The devastating finding: "for classification tasks with no possibility of task contamination, LLMs rarely demonstrate statistically significant improvements over simple majority baselines, in both zero and few-shot settings." This challenges the entire few-shot learning narrative. If few-shot capabilities largely reflect having seen task-specific training examples during pretraining, then the celebrated generalization of LLMs may be narrower than assumed.
This is distinct from the RLVR contamination problem. Since Does RLVR success on math benchmarks reflect genuine reasoning improvement?, that finding is specific to reward-based training: models memorize benchmark answers and RL rewards amplify the memorization signal. Task contamination is broader — it affects the foundational claim that LLMs can generalize from a few examples to new tasks. The RLVR contamination shows rewards don't help beyond memorization; task contamination shows the "few-shot" framing may itself be an illusion.

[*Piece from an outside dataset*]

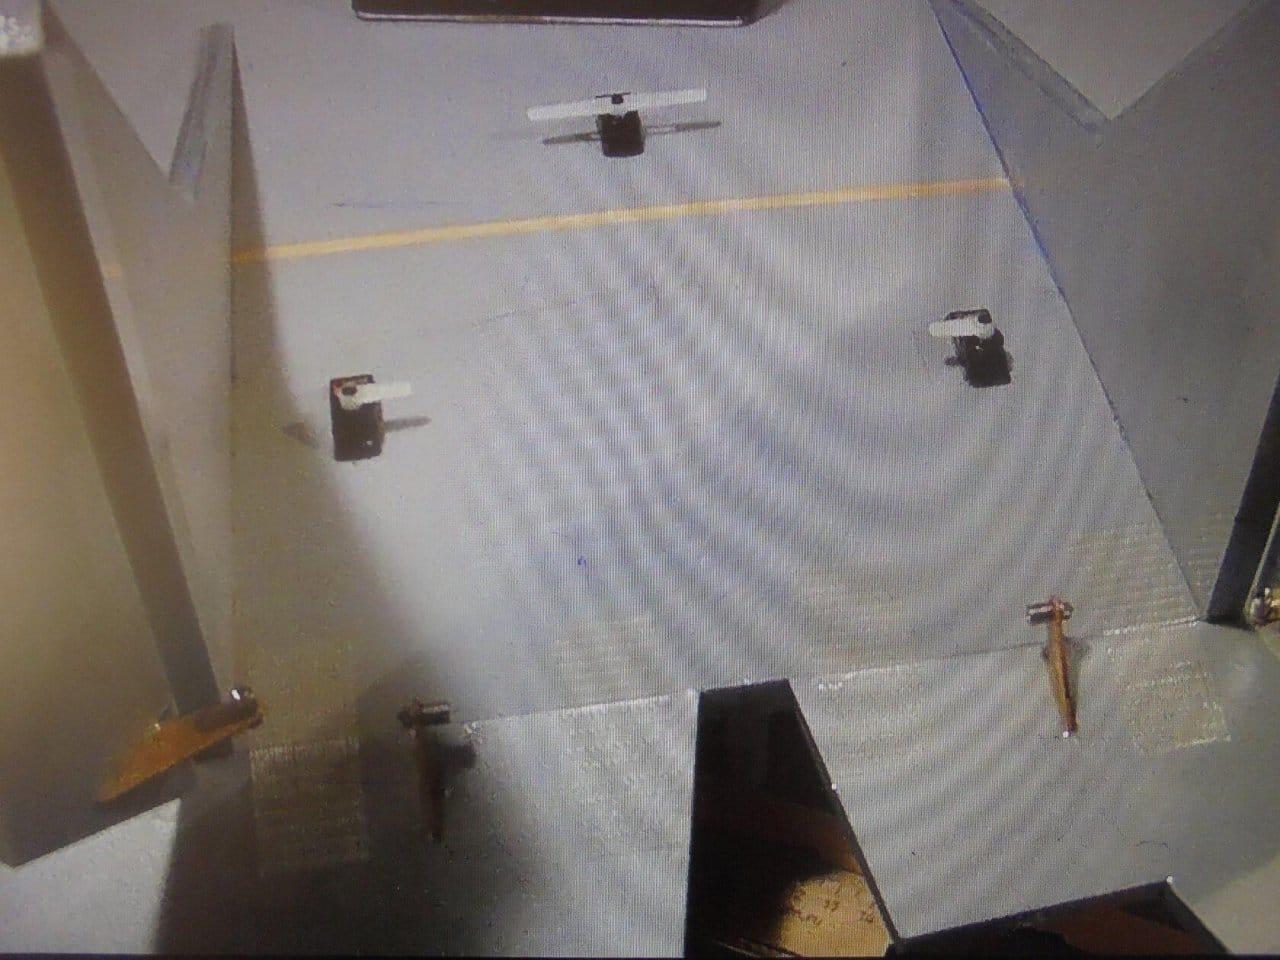 Seaplane STRIZH - Гидросамолет СТРИЖ из подложки под ламинат

The practical implication is methodological: any evaluation of LLM capabilities on tasks that existed before the model's training data cutoff must be treated with suspicion. Since Do popular prompting techniques actually improve model performance?, contamination adds a second mechanism for irreproducibility: not only do prompting techniques fail to replicate, but baseline measurements may be inflated by contamination. The replication crisis compounds.
The manhole cover analogy is apt: "Think of that infamous 'Why are manhole covers round?' interview question. While it may well have given the interviewer an insight into the candidate's analytical reasoning skills the very first time it was asked, all it does with high probability now is to confirm whether the candidate trained on the interview question banks."
Source: Tasks Planning Paper: Task Contamination: Language Models May Not Be Few-Shot Anymore
Related concepts in this collection
-
Does RLVR success on math benchmarks reflect genuine reasoning improvement?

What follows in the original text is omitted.